Provided information -
--------------------------------

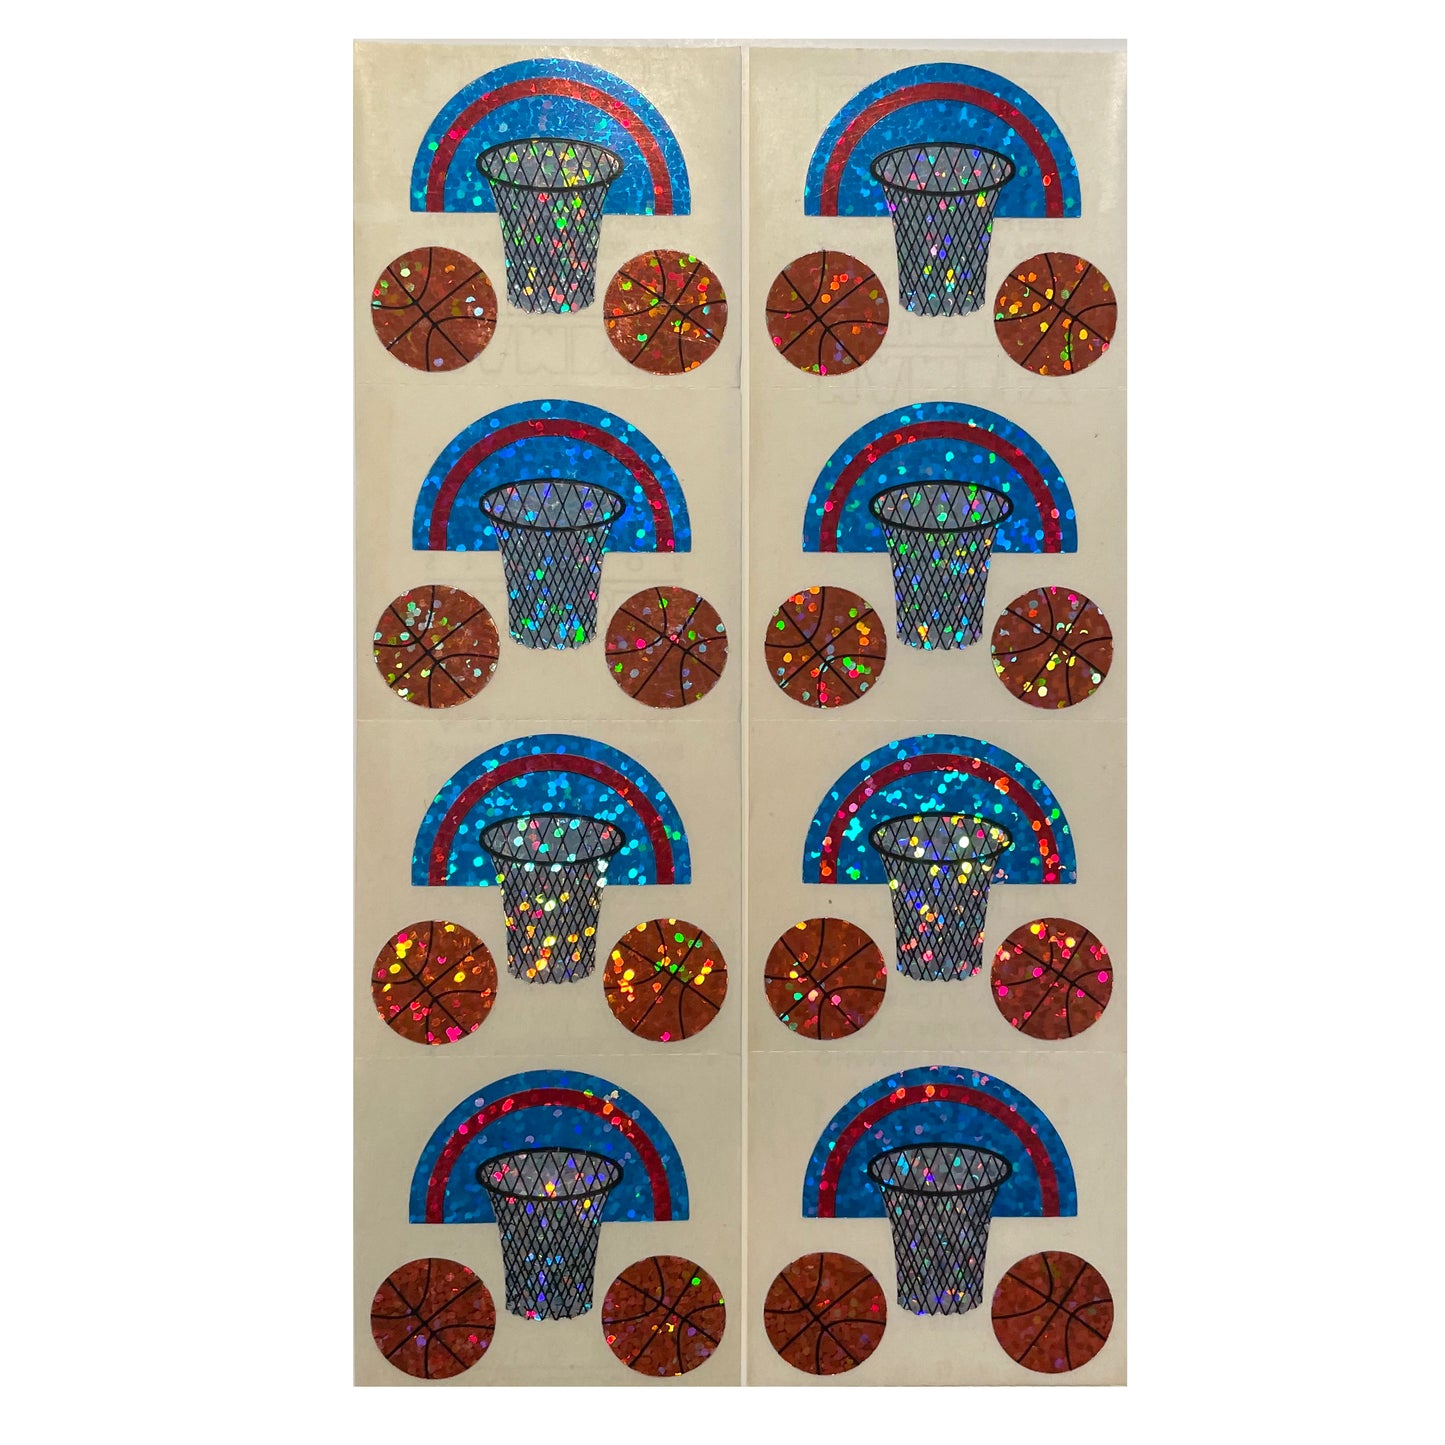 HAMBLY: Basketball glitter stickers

--------------------------------

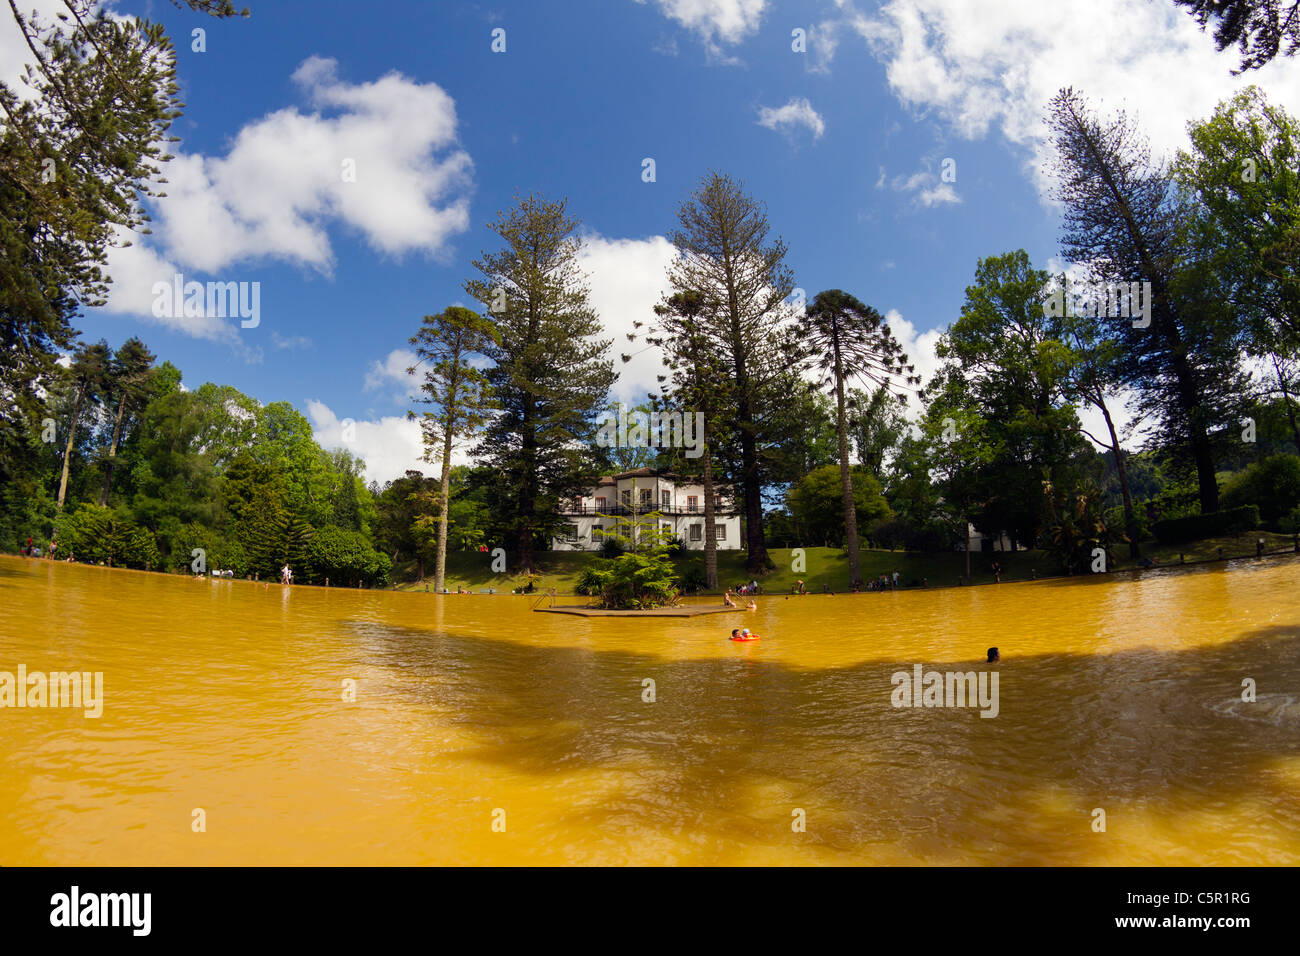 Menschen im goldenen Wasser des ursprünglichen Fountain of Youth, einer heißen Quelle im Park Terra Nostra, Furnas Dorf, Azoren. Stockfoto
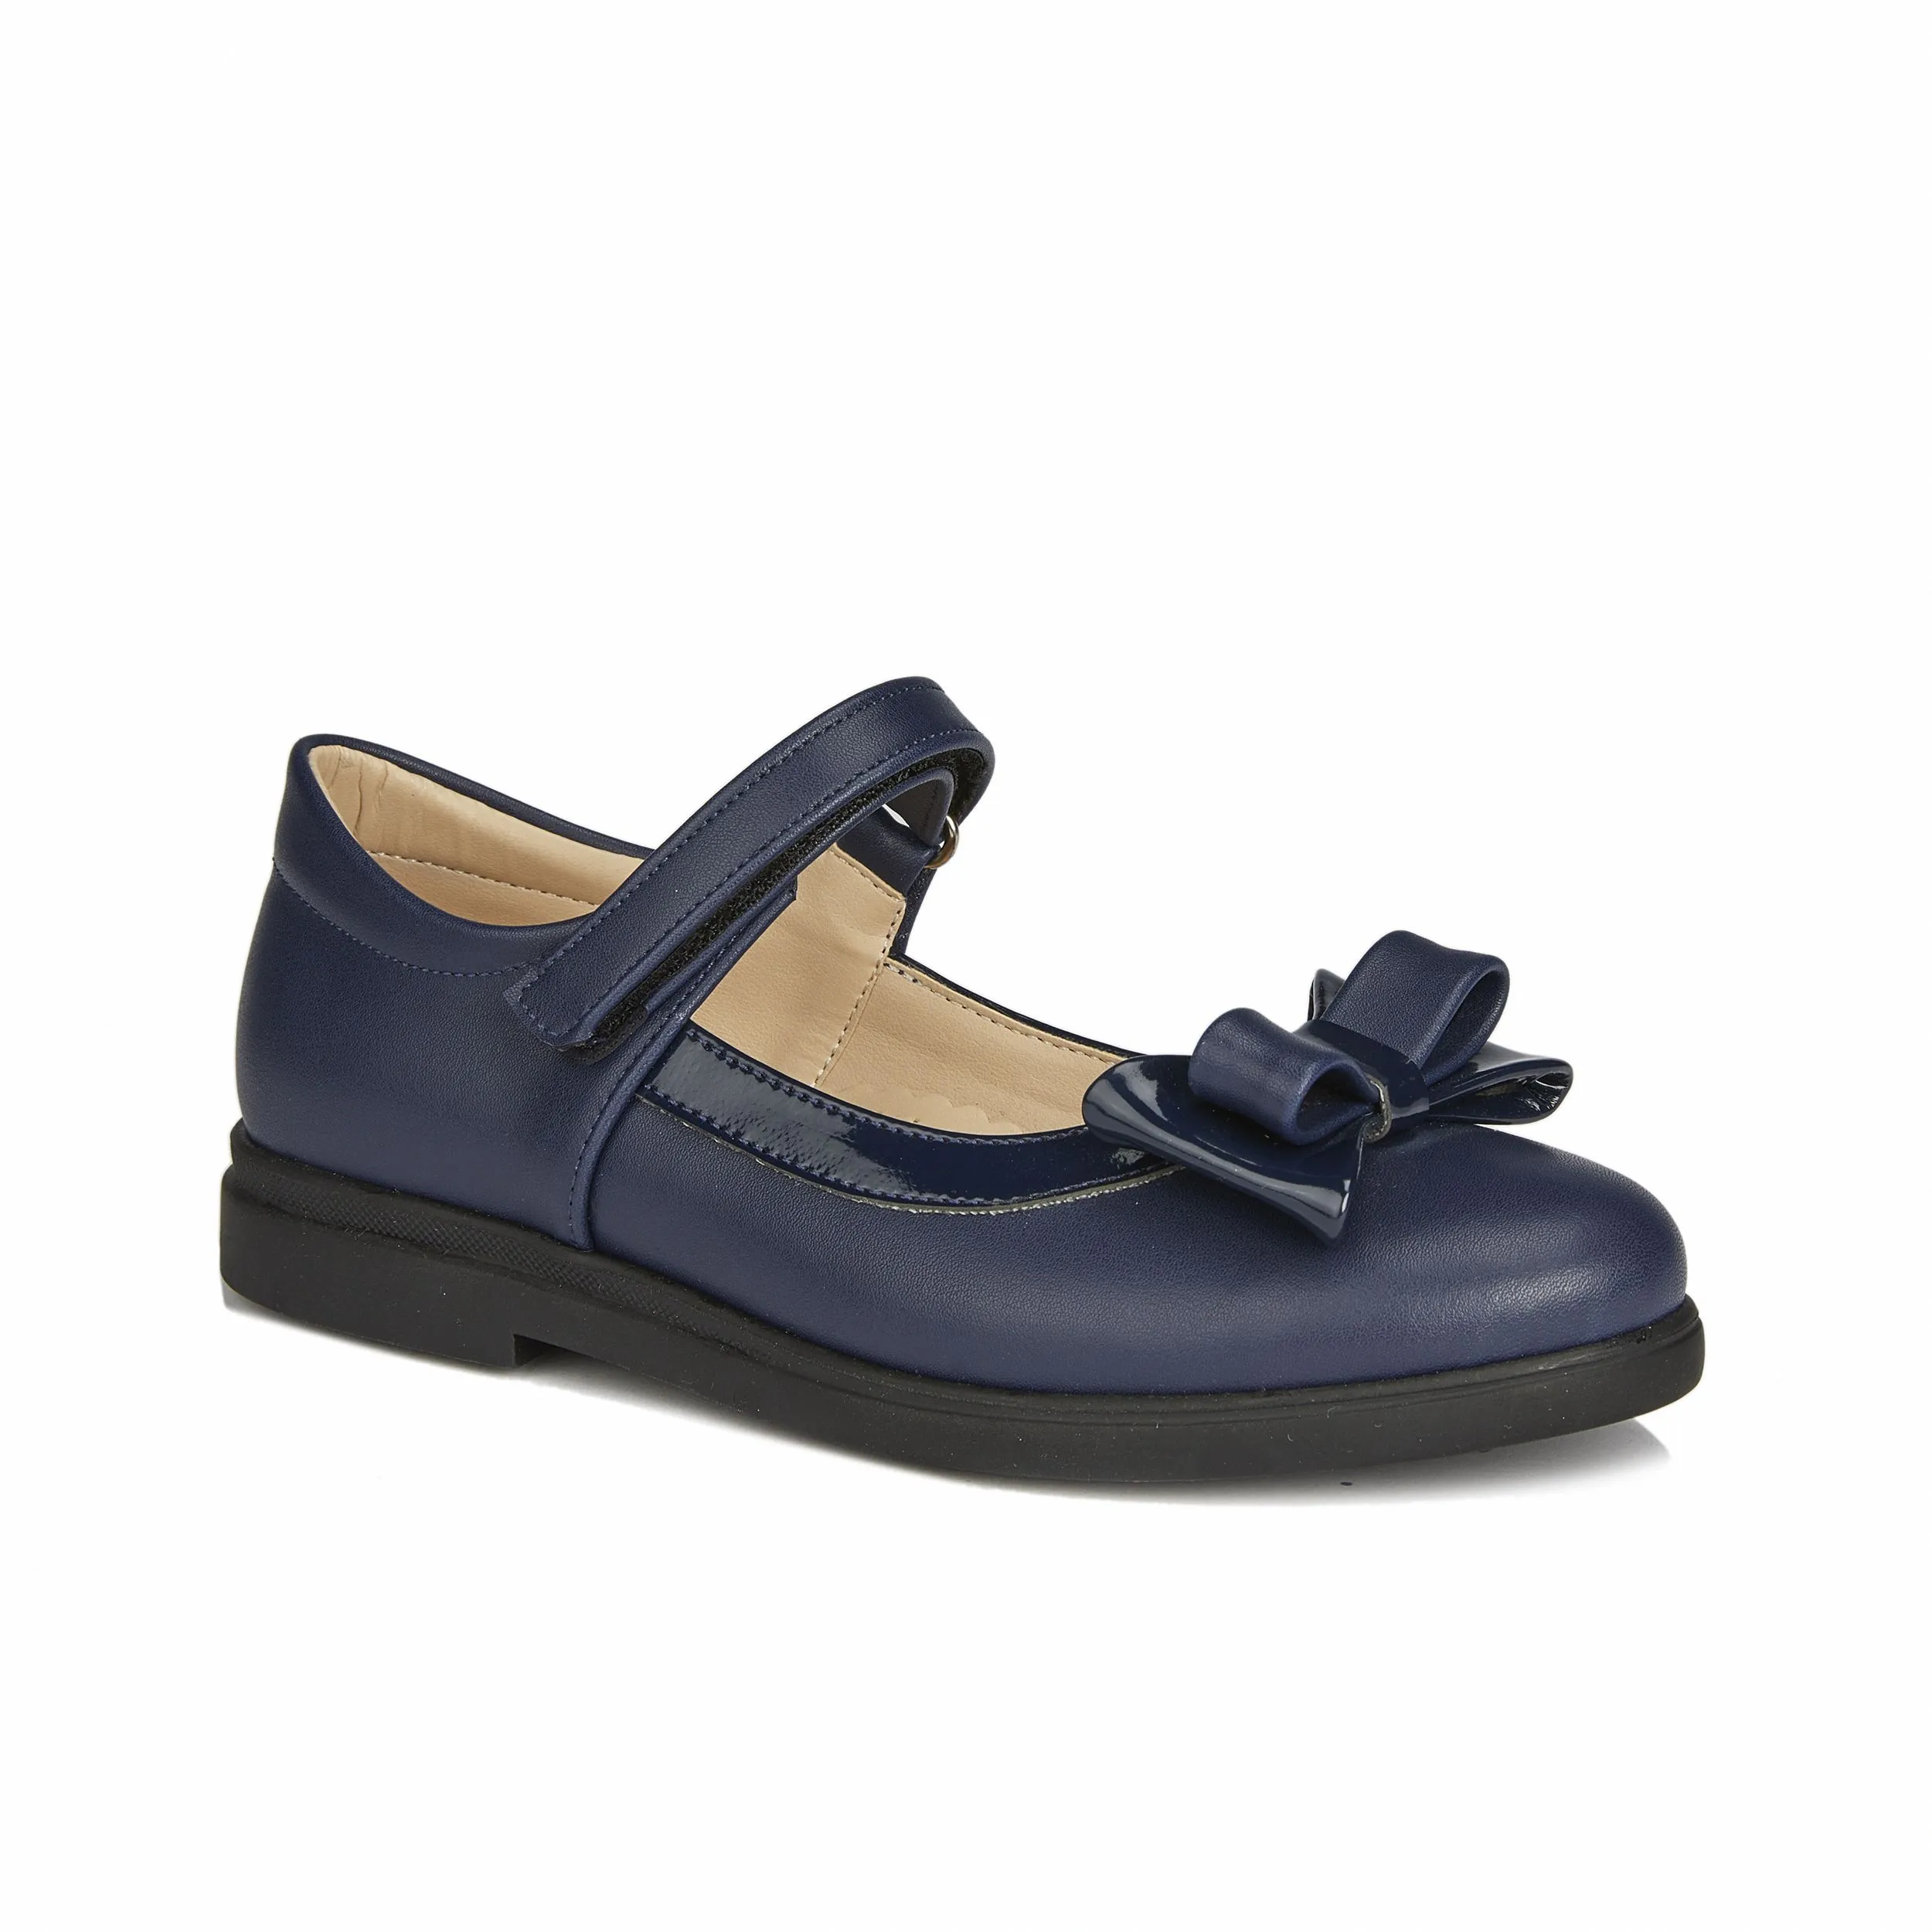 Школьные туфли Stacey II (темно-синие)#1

--------------------------------

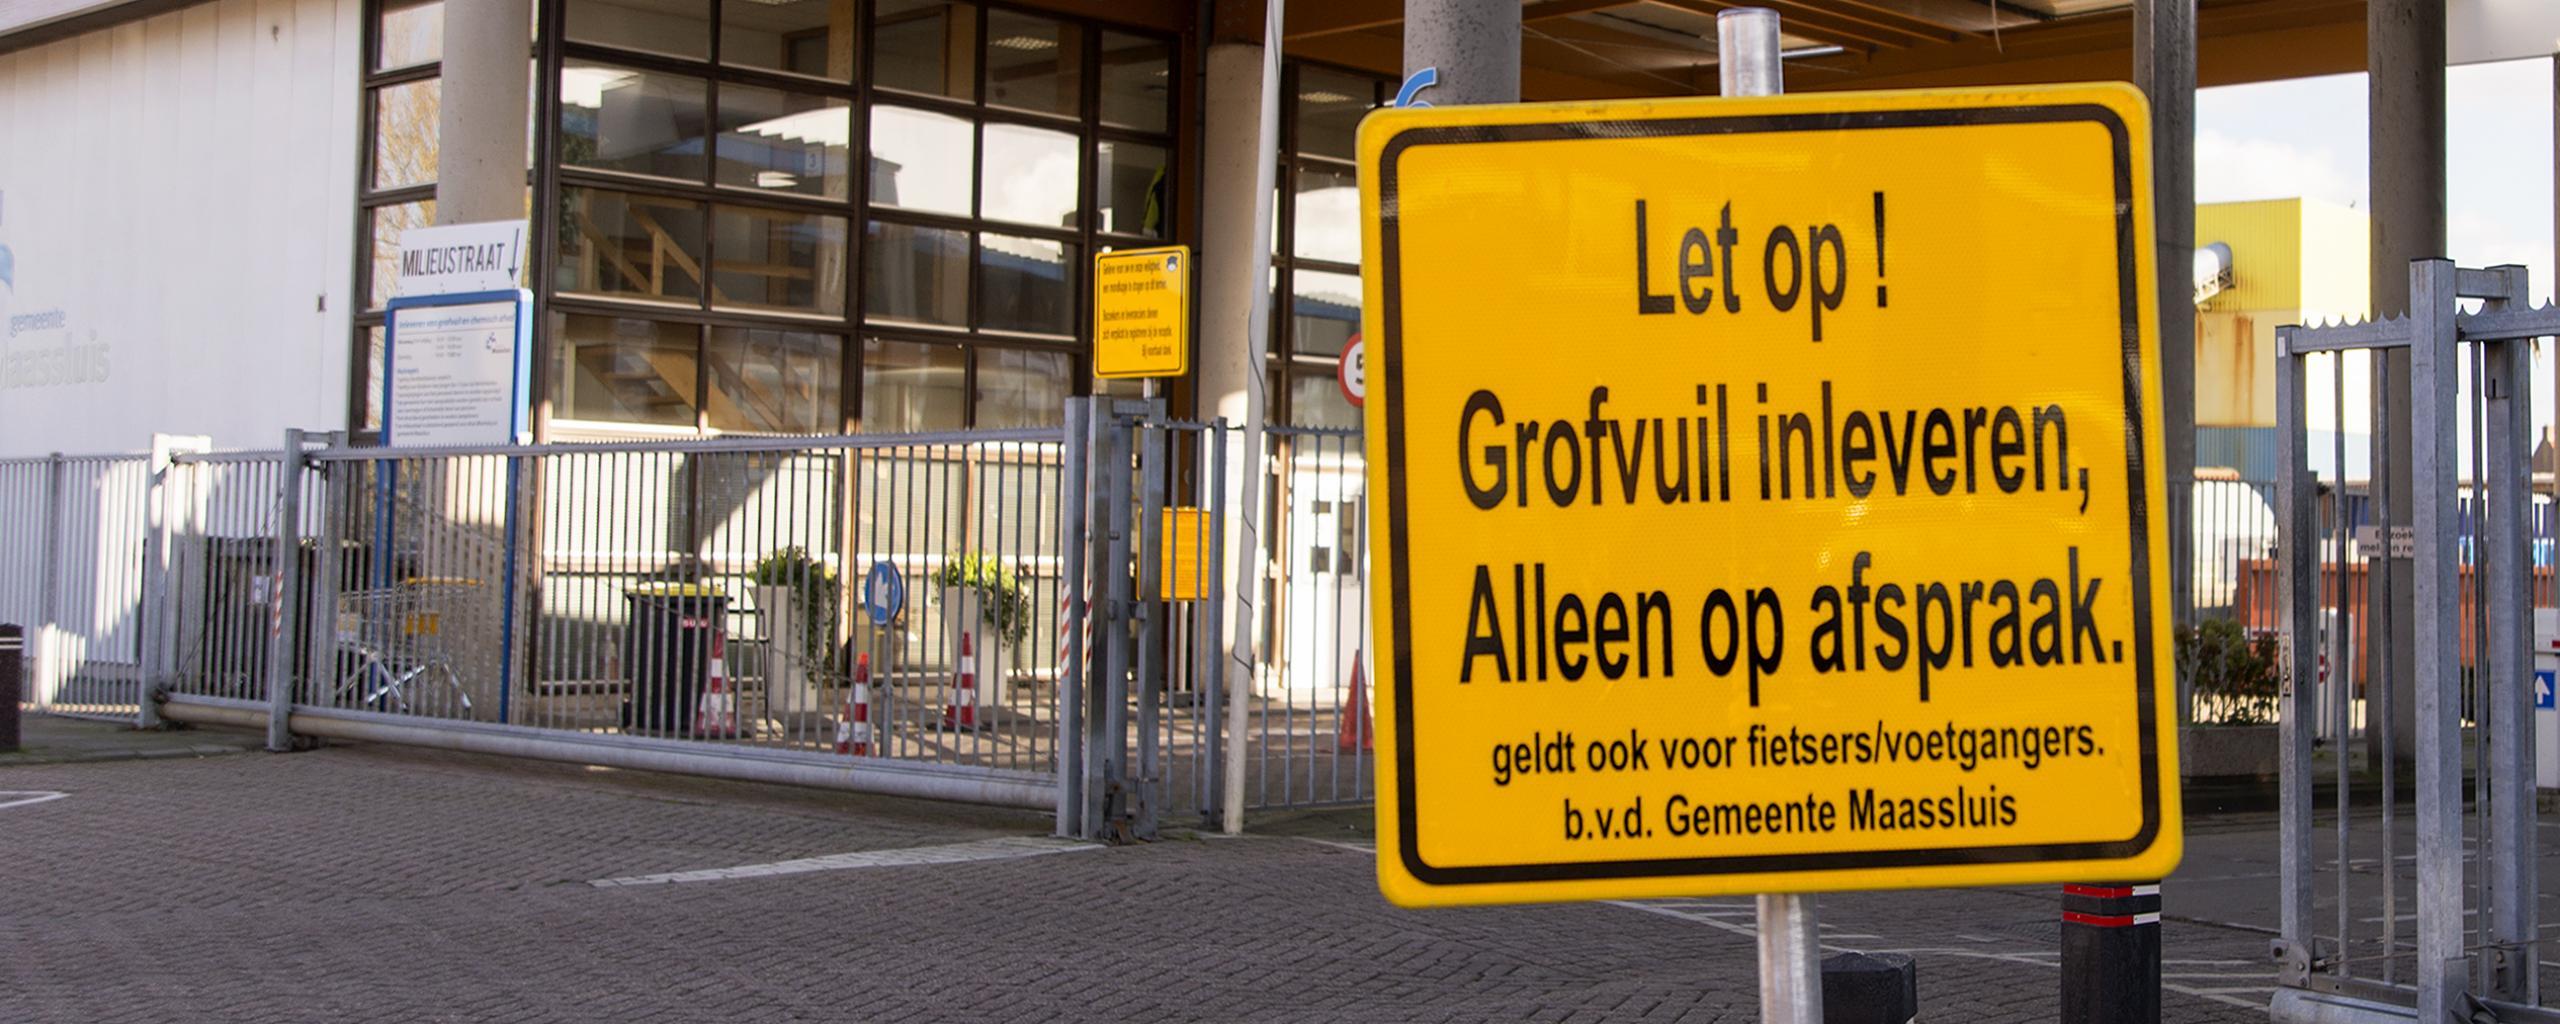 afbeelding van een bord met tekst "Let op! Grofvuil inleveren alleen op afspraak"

--------------------------------

Exercise - Would you copy out, exactly and with no pictures, only the lines above from the one that contains "Menschen im goldenen" through the one that contains "Школьные туфли Stacey II (темно-синие)#1"?

Task answer -
 Menschen im goldenen Wasser des ursprünglichen Fountain of Youth, einer heißen Quelle im Park Terra Nostra, Furnas Dorf, Azoren. Stockfoto
 Школьные туфли Stacey II (темно-синие)#1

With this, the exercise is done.